Partindo do termo letramento como apropriação dos usos e funções da leitura e da escrita, surge o termo letramento literário que se relaciona com a interação com o livro. O letramento literário é uma prática social em que a literatura assume o papel humanizador, sendo fundamental no processo educativo, pois estabelece ações comunicativas que vão além da simples leitura. (COSSON, 2007).

Paulino e Cosson (2009, p. 67), definem o letramento literário como “o processo de apropriação da leitura enquanto construção literária de sentidos”. Enquanto processo de apropriação da língua escrita, o letramento literário é percebido como uma ação que se renova a cada experiência de leitura, não se limitando a uma mera habilidade adquirida em um determinado espaço.

Dessa forma, para desenvolver nas series iniciais, trabalhos relacionados ao letramento literário, faz-se necessário que o aluno tenha o contato direto com o livro, pois este permitirá a experiência com diversos aspectos que vão desde a percepção da característica da capa até o diálogo entre imagens e texto verbal. Tais aspectos não são contemplados por fragmentos xerocopiados do texto ou escritos na lousa para uma

atividade de cópia realizada pelos alunos (PAIVA; RODRIGUES 2008).

Dando seguimento às discussões, Cosson (2007) nos apresenta três elementos na compreensão da leitura e aquisição do letramento literário: antecipação, decifração e interpretação. Antecipação é a predição que fazemos antes e durante a leitura, levantando hipóteses, através de seus aspectos textuais, capa, título, dentre outros. A decifração é a capacidade de reconhecer letras e palavras num determinado contexto, fase em que o leitor inexperiente encontra maior dificuldade, pois se atém somente à técnica e muitas vezes não compreende aquilo que lê, diferentemente do leitor maduro.

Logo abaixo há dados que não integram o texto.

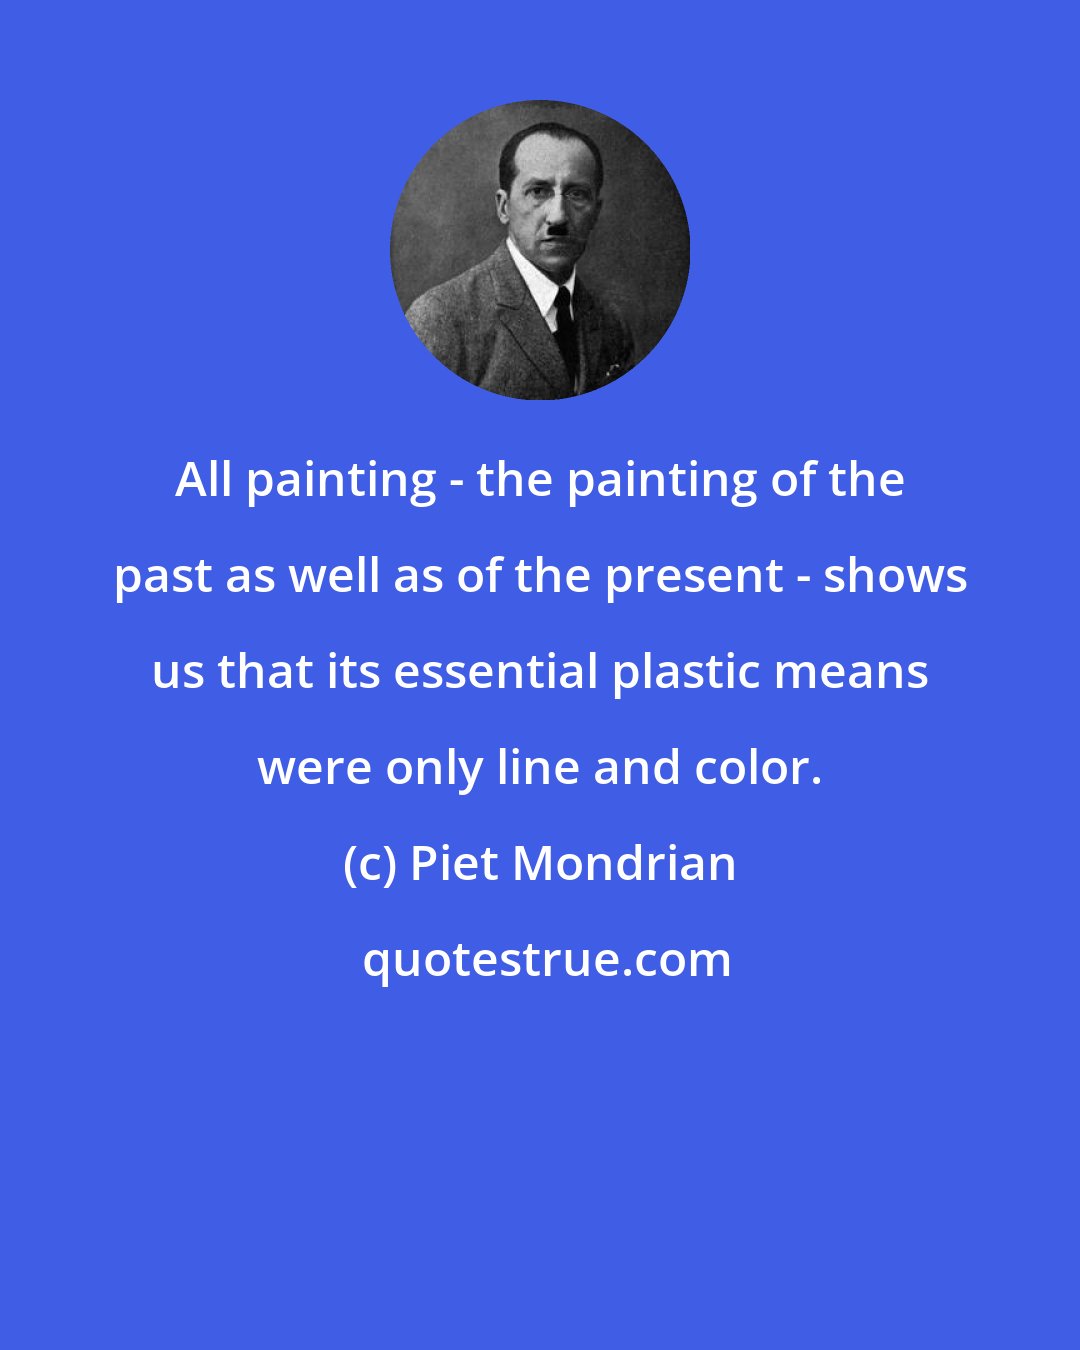 Piet Mondrian: All painting - the painting of the past as well as of the present - shows us that its essential plastic means were only line and color.

Já a interpretação, é definida como etapa em que o leitor ativa suas inferências para construir um sentido para o texto, relacionando-o com seu conhecimento de mundo.

Sendo assim, é função da escola inserir o aluno nas práticas letradas e para que isso ocorra, faz-se necessário uma formação cultural ampla do professor. Este deve estar diretamente envolvido com a leitura literária como fruição e apreciação estética, pois a formação do leitor, no âmbito do letramento literário, advém de um processo de apropriação que precisa ser exercitado continuamente (ROSSI; PERES, 2015).

Destacamos que a pesquisa se direciona a práticas de leituras significativas, no sentido de estimular o letramento literário com crianças de seis anos de idade, a partir da mediação do professor e através de estratégias de leitura, na busca de problematizar como se dá o processo contínuo de construção de diversas habilidades e competências leitoras, numa relação dialógica entre pesquisador-texto-aluno.